# Nothing fancy



## robert flynt (Nov 18, 2016)

One has water buffalo handle with white liners and the other dyed camel bone and red liners. One blade is S30v and the other is ATS34. The one with the camel bone handle, I have not made the final grinds to complete it.

Reactions: EyeCandy! 1 | Way Cool 8


----------



## Bigdrowdy1 (Nov 18, 2016)

I really like the water buffalo. Both knifes are awesome Robert.
PM coming your way

Reactions: Thank You! 1


----------



## DKMD (Nov 19, 2016)

They're both beautiful knives... I'm kinda partial to the camel bone.

Reactions: Thank You! 1


----------



## Schroedc (Nov 19, 2016)

Man are those sharp looking knives!

Reactions: Thank You! 1 | Agree 1


----------



## Wildthings (Nov 19, 2016)

Nothing fancy he says huummph!

Reactions: Like 1


----------



## NYWoodturner (Nov 20, 2016)

Very nice Robert.

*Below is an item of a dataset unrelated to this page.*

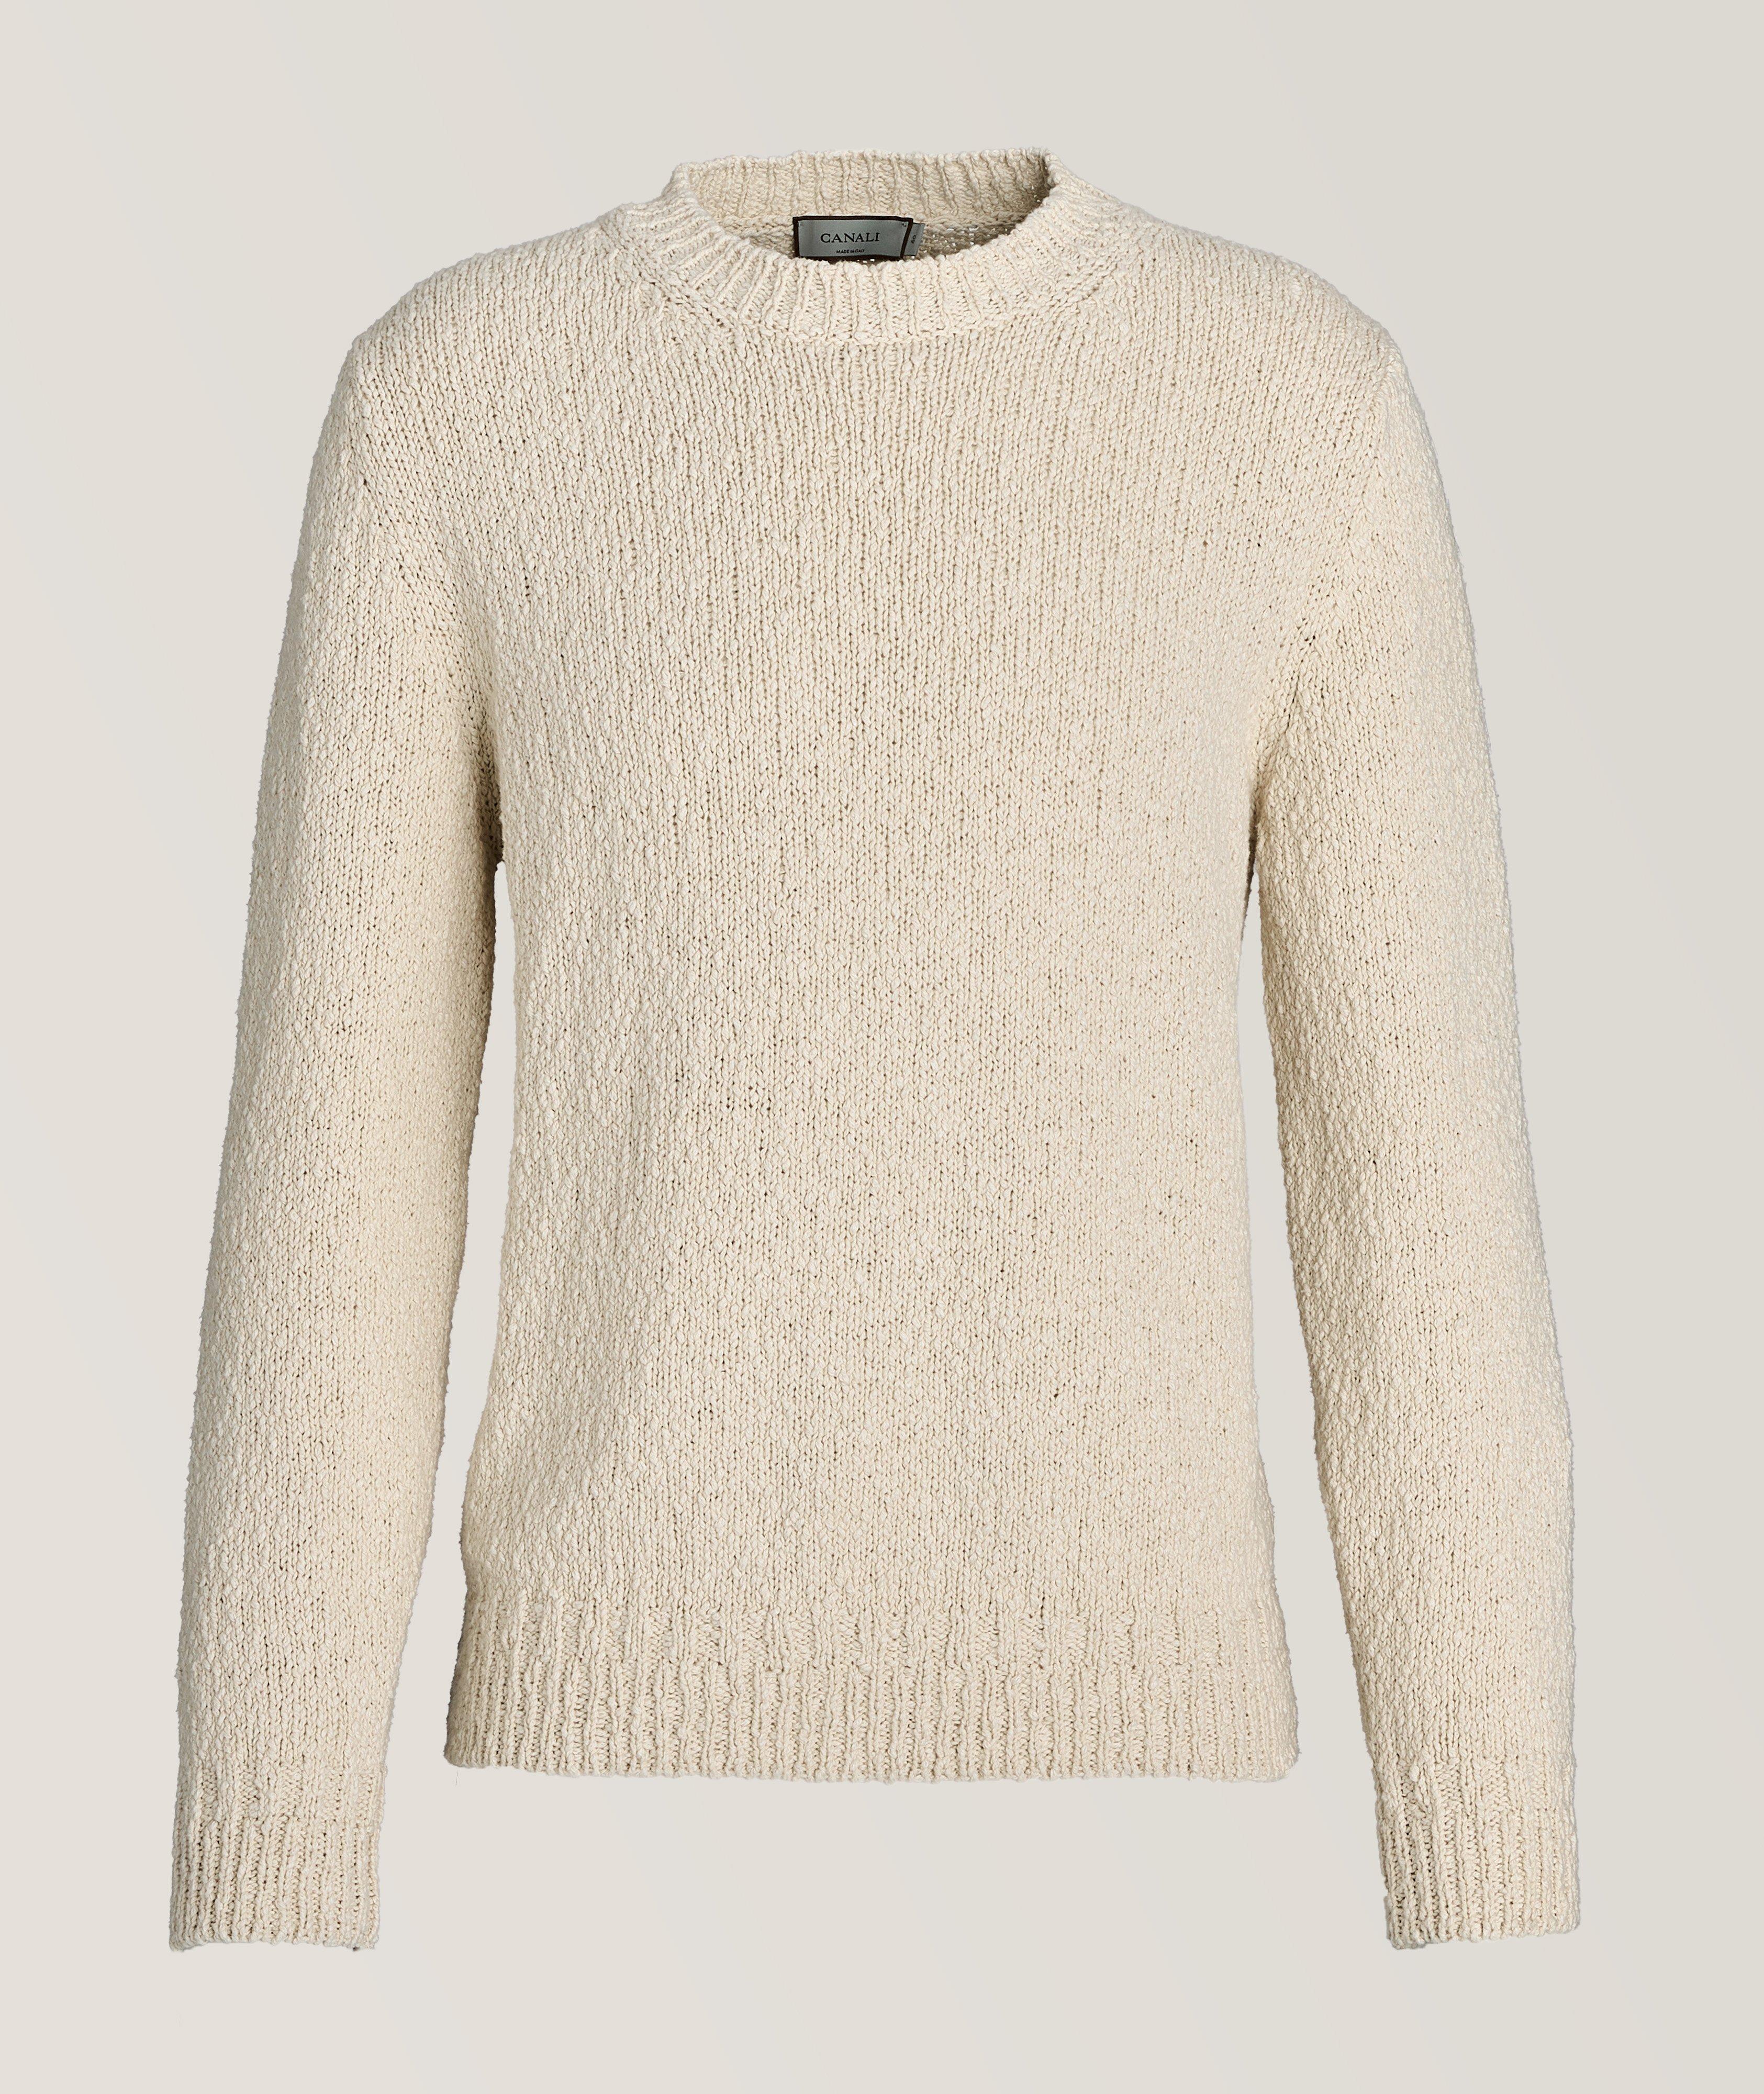 Textured Cotton Sweater image 0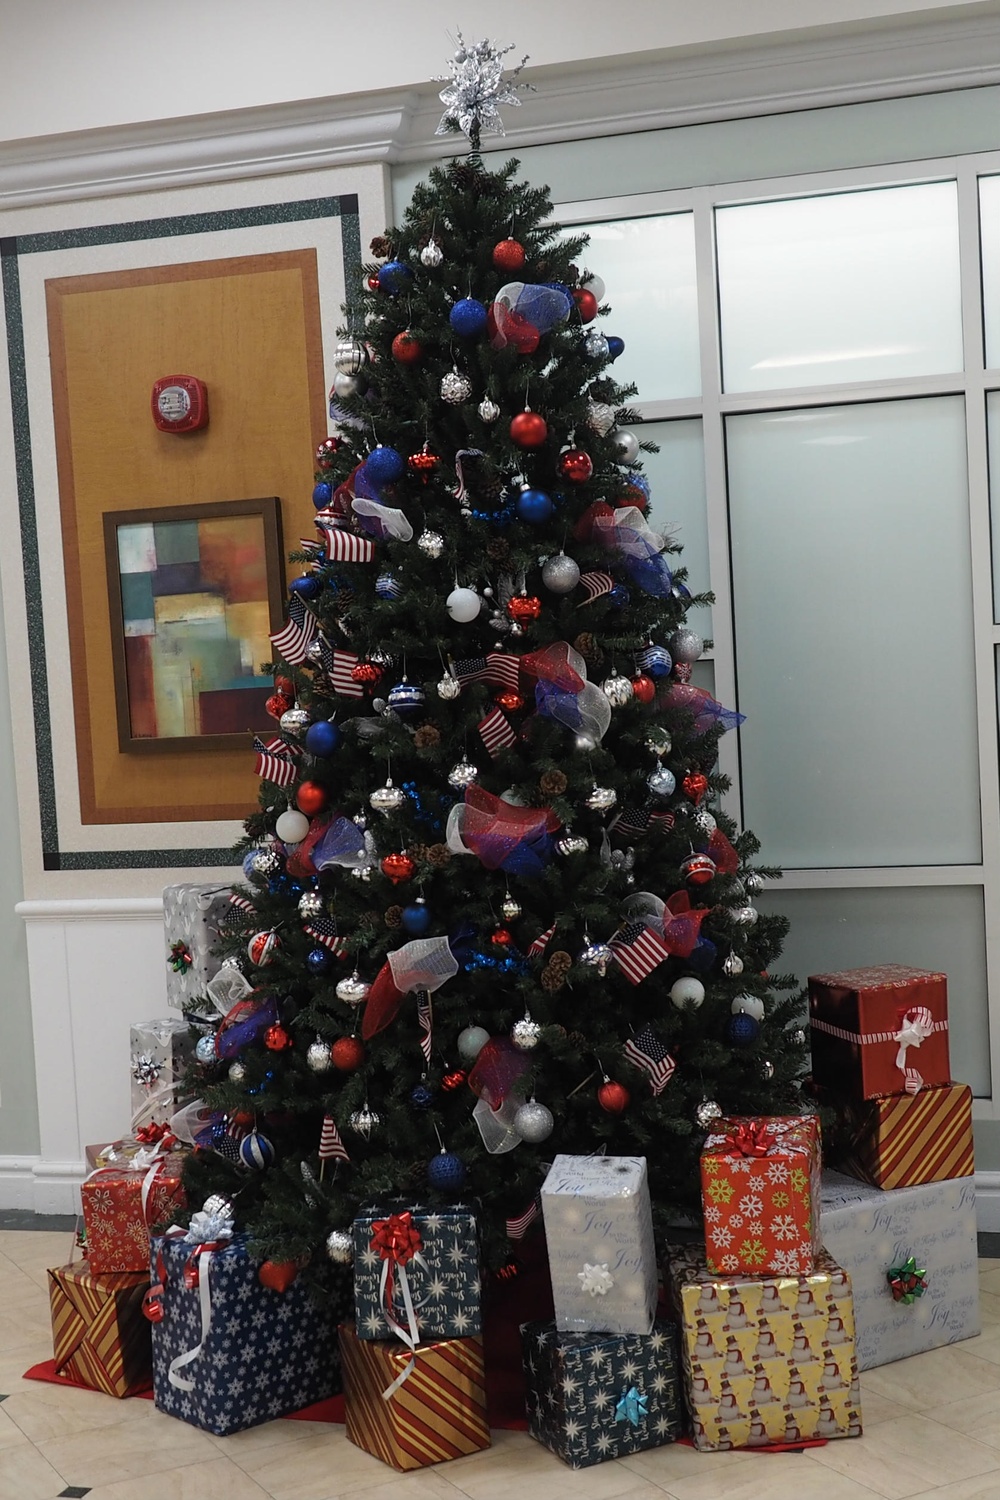 Christmas trees signal the holiday season at Columbia VA Health Care System

Perfect timing for hunting season! I like the colors in that camel bone.

Reactions: Thank You! 1


----------



## dbroswoods (Nov 20, 2016)

Very nice I like them both!!!

Mark

Reactions: Thank You! 1


----------



## Jack "Pappy" Lewis (Nov 21, 2016)

Man I would hate to see you do something fancy!

Reactions: Thank You! 1 | Agree 1


----------